Material provided:
#####

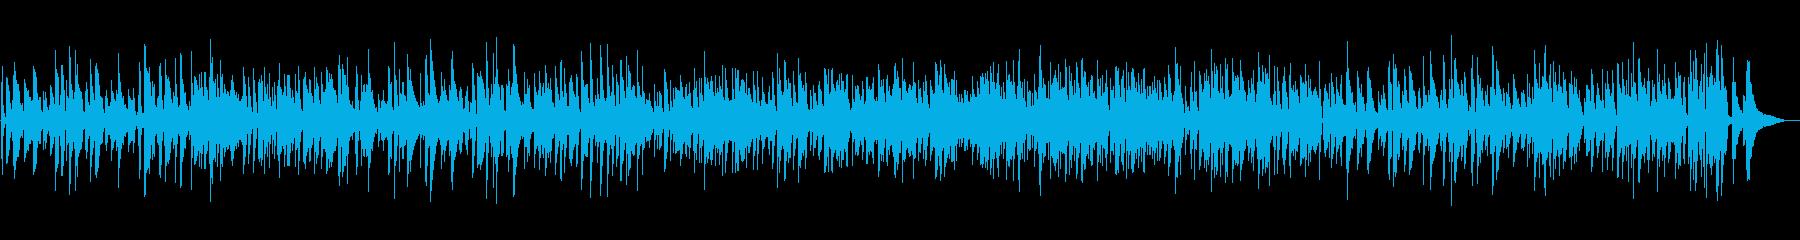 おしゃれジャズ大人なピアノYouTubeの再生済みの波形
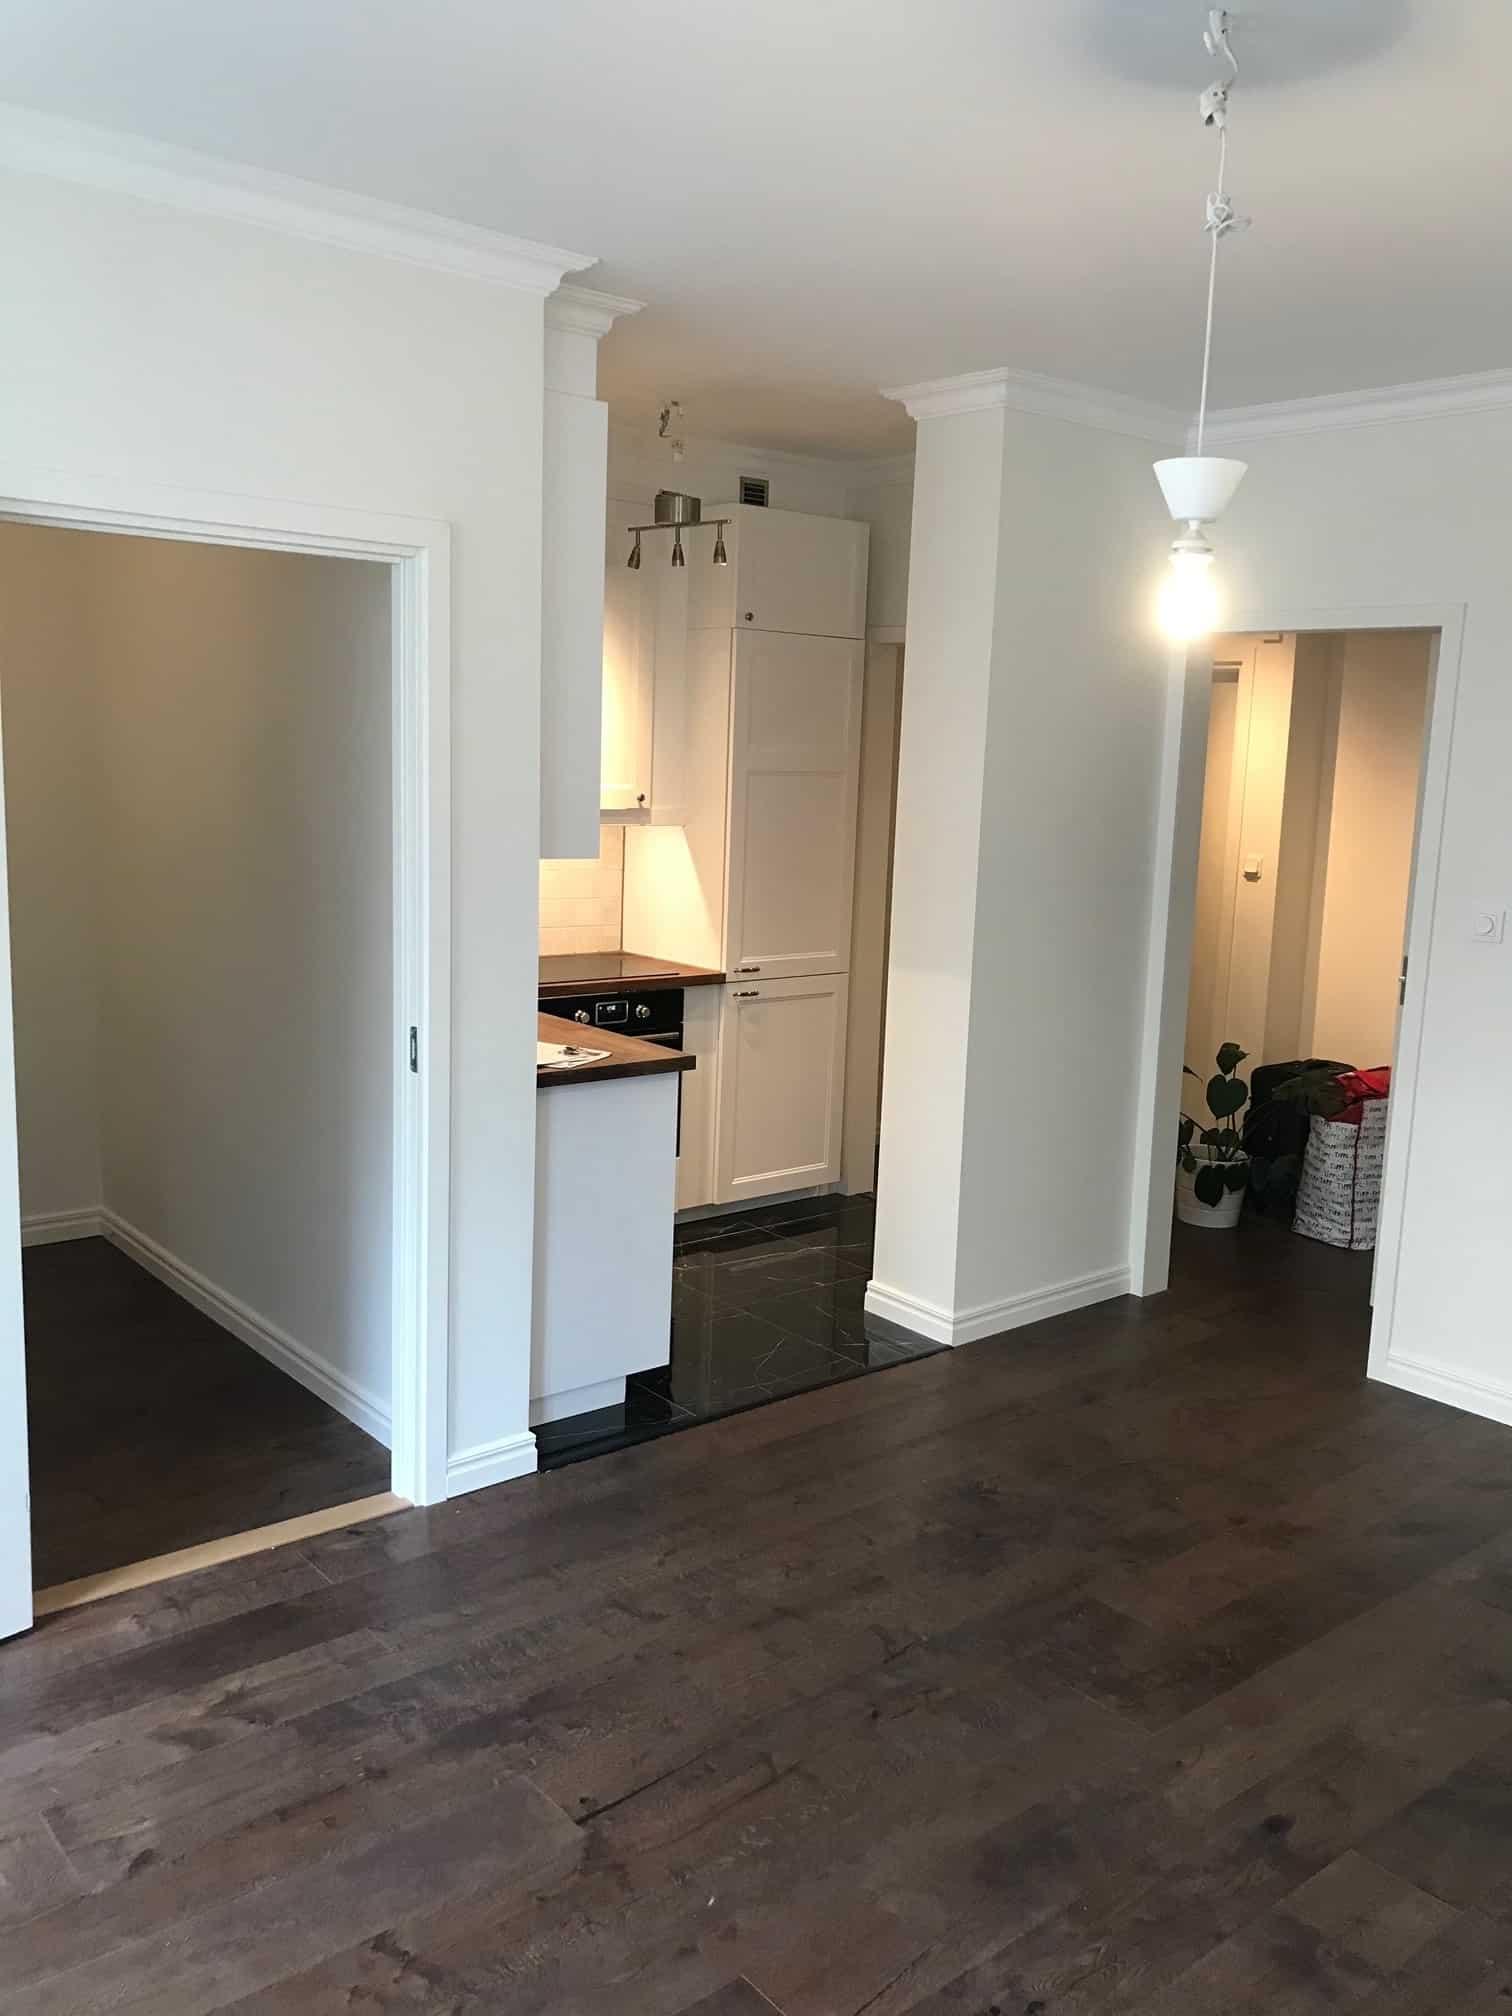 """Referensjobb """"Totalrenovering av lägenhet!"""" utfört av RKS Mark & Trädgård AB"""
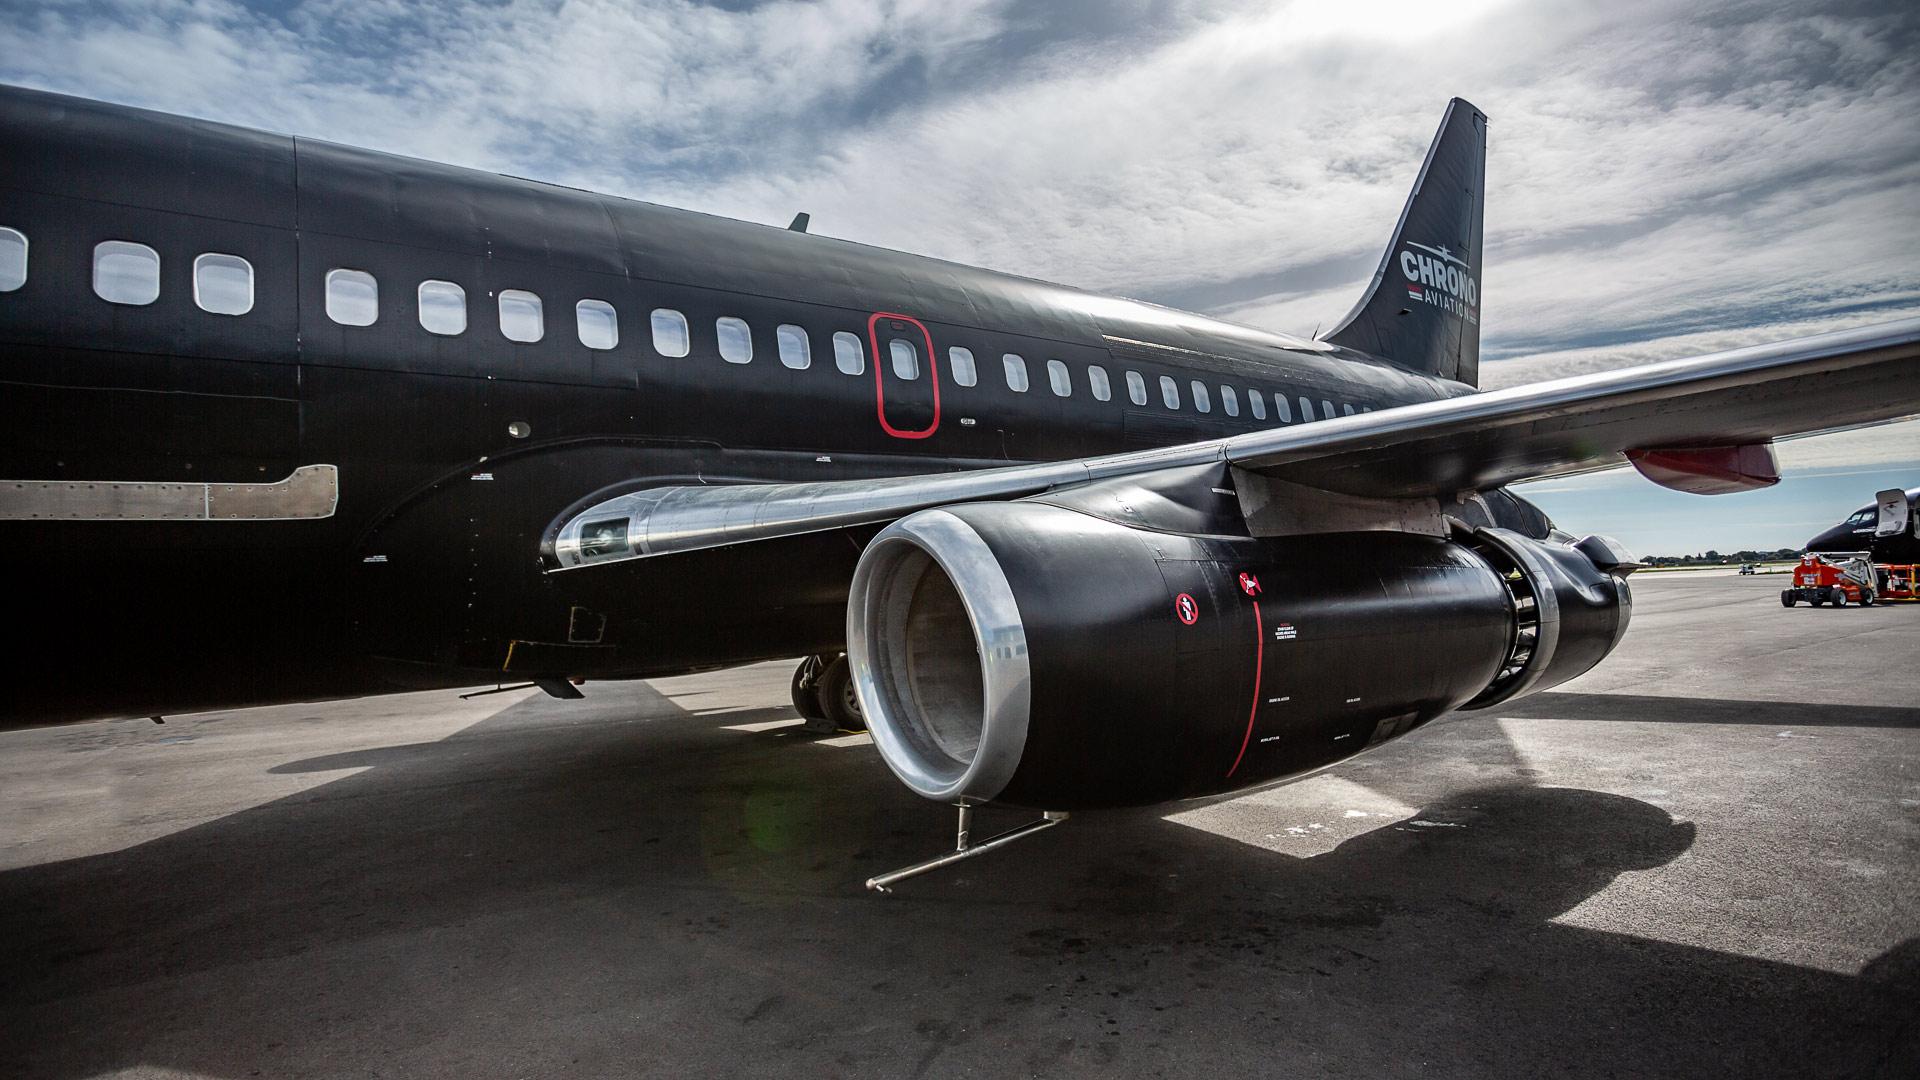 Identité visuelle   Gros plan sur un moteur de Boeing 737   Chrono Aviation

#####

Description of the task:
Please return the listing above exactly and leave every picture out.

Answer to the exercise:
 おしゃれジャズ大人なピアノYouTubeの再生済みの波形
 """Referensjobb """"Totalrenovering av lägenhet!"""" utfört av RKS Mark & Trädgård AB"""
 Identité visuelle   Gros plan sur un moteur de Boeing 737   Chrono Aviation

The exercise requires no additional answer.